In the same way I could use a solvent flush between batches of the same product in small molecule synthesis to minimize comingling of lots and to minimize the possibility of any unacceptable side reactions from occurring. Realize, however, that this analogy is not a perfect analogy. In the tablet manufacture, there is generally not a concern about the residue of the same product reacting with, and changing in some way, the next batch. With small molecule organic synthesis, the effect of the residue on the synthesis itself may, in some circumstances as mentioned earlier, be significant.
Clearly if this “solvent flush” approach is considered, I would still like to compare product quality for successive batches of the same product with only a solvent flush between batches. One thing I would look for is any change in the impurity profile, particularly looking for any trends and/or the presence of any unknown peaks in HPLC analysis. Note that I may see differences in comparing impurity profiles of “Batch 1” to “Batch 2”. Why is that the case? It may be the case because “Batch 1” is likely to see some residues from the prior cleaning process, while residues from that “before Batch 1 cleaning process” are not likely to be a significant issue for Batch 2, Batch 3 and so on.
A second concern relating to the impurity profile is whether I see a change in the impurity profile from Batch 1 to subsequent batches of the same product due to the fact that degradation occurs during the time interval between batches due to such factors as heat, light, and oxygen. While degradation might also occur if the equipment is more rigorously cleaned between batches, the level of degradants in that situation would likely be significantly lower as compared to just using a solvent flush between batches.
Note that any addition of a solvent or process material after completion of the initial synthesis reaction may affect how this is handled. For example, if a different process solvent is added to precipitate the reaction product, the presence of that second solvent at the beginning of the next synthesis step of the next batch may be problematic. If it does cause concerns, then a process solvent rinse (that is, a rinse with the solvent used in the beginning of the next batch) would definitely be needed.

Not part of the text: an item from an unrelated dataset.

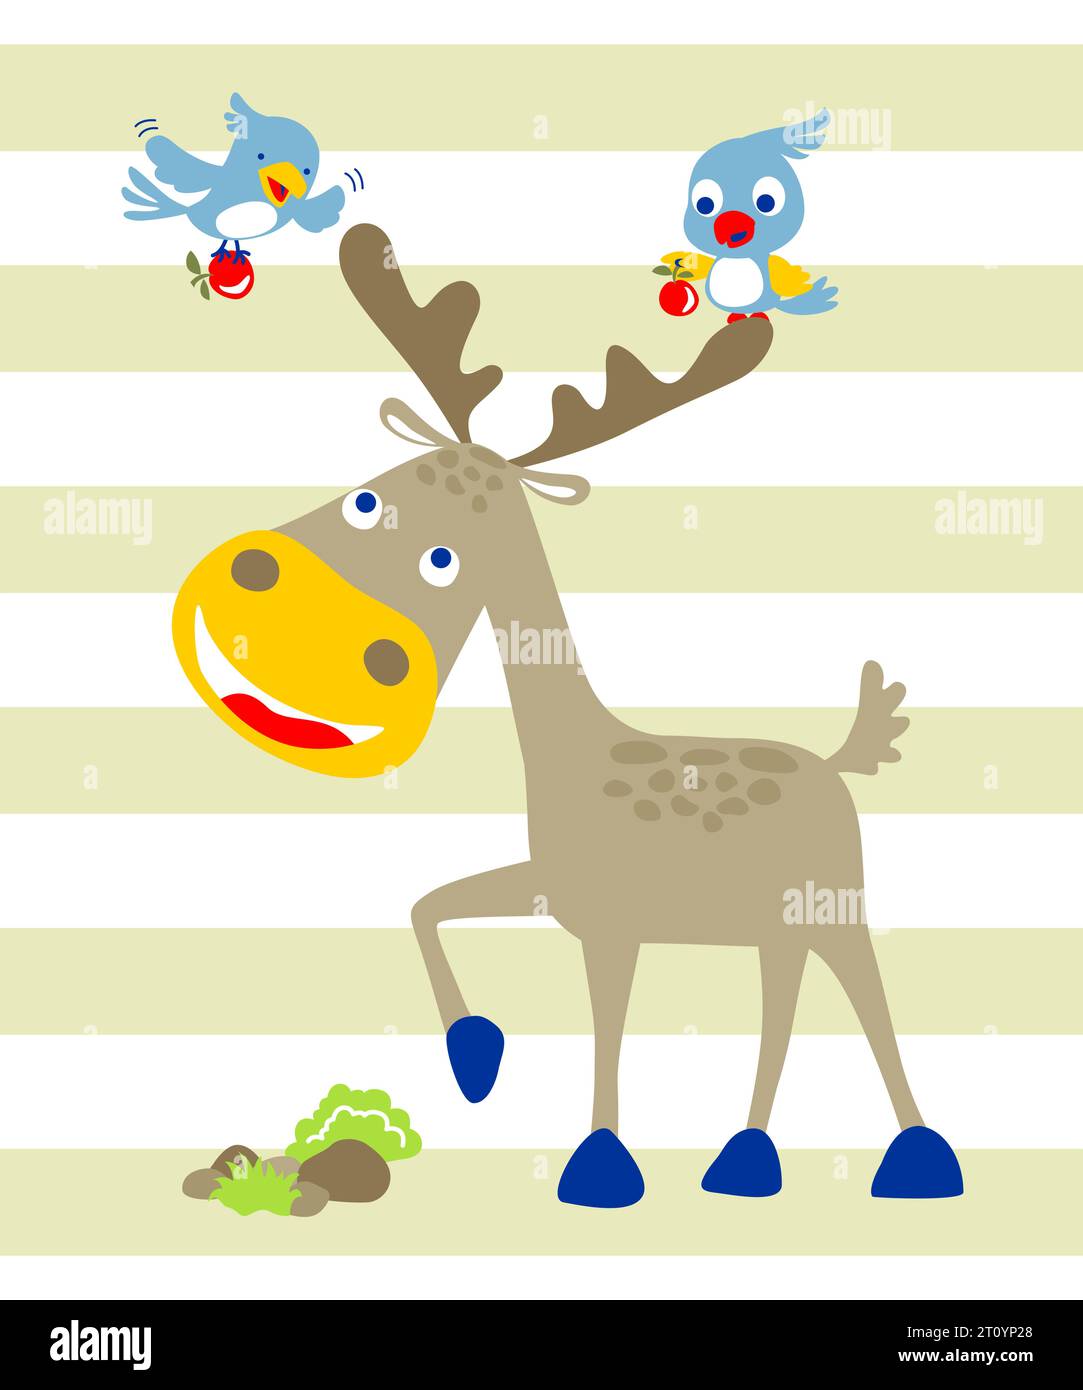 Vector illustration of cartoon deer with birds carrying fruit Stock Vector
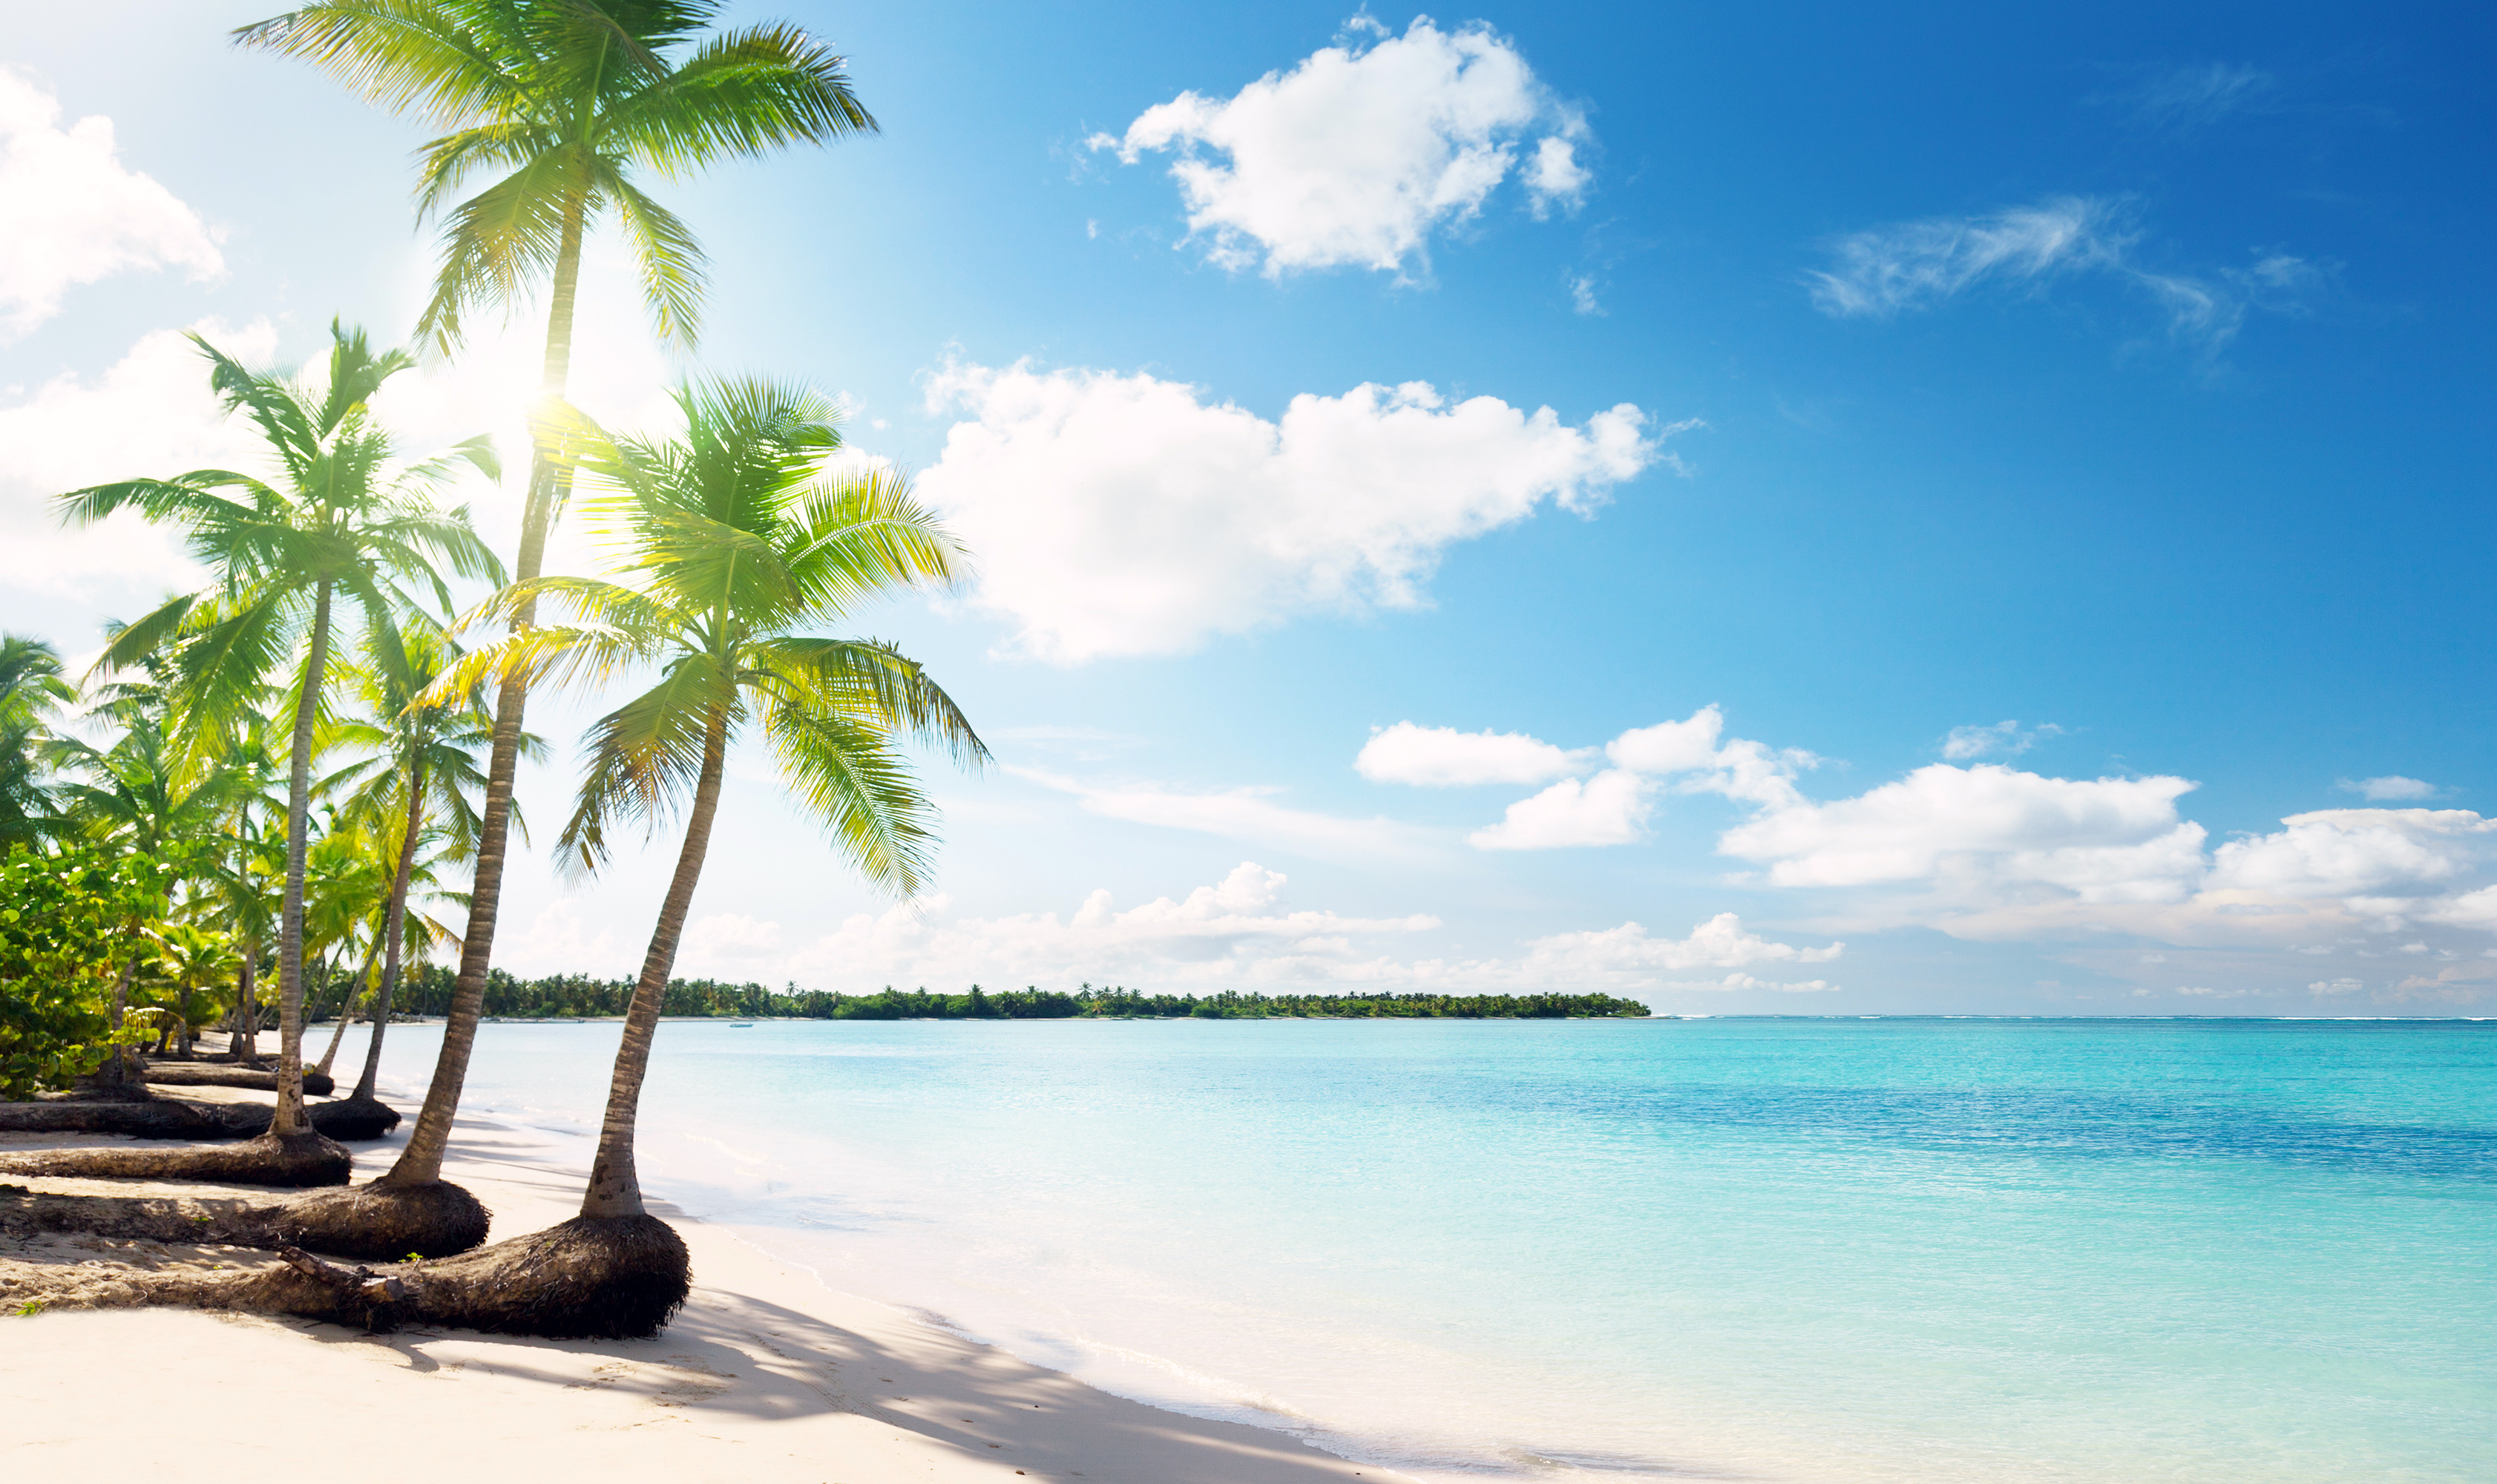 Beach tree. Парадиз остров Карибского моря. Море пальмы. Море пляж пальмы. Море пальмы и песок.

Clearly at the end of a series of batches of the same product, I would want to clean more rigorously. The extent of cleaning in that situation would depend on the product or products made in that next synthesis step. Both effects of residues of the cleaned product on that next synthesis itself and any health/safety issues if those residues transfer to the final API should be considered.
The issues discussed in this Cleaning Memo focus on batch to batch residue concerns in small molecule organic synthesis. Needless to say, this discussion illustrates the importance of issues other than patient safety being important for cleaning validation.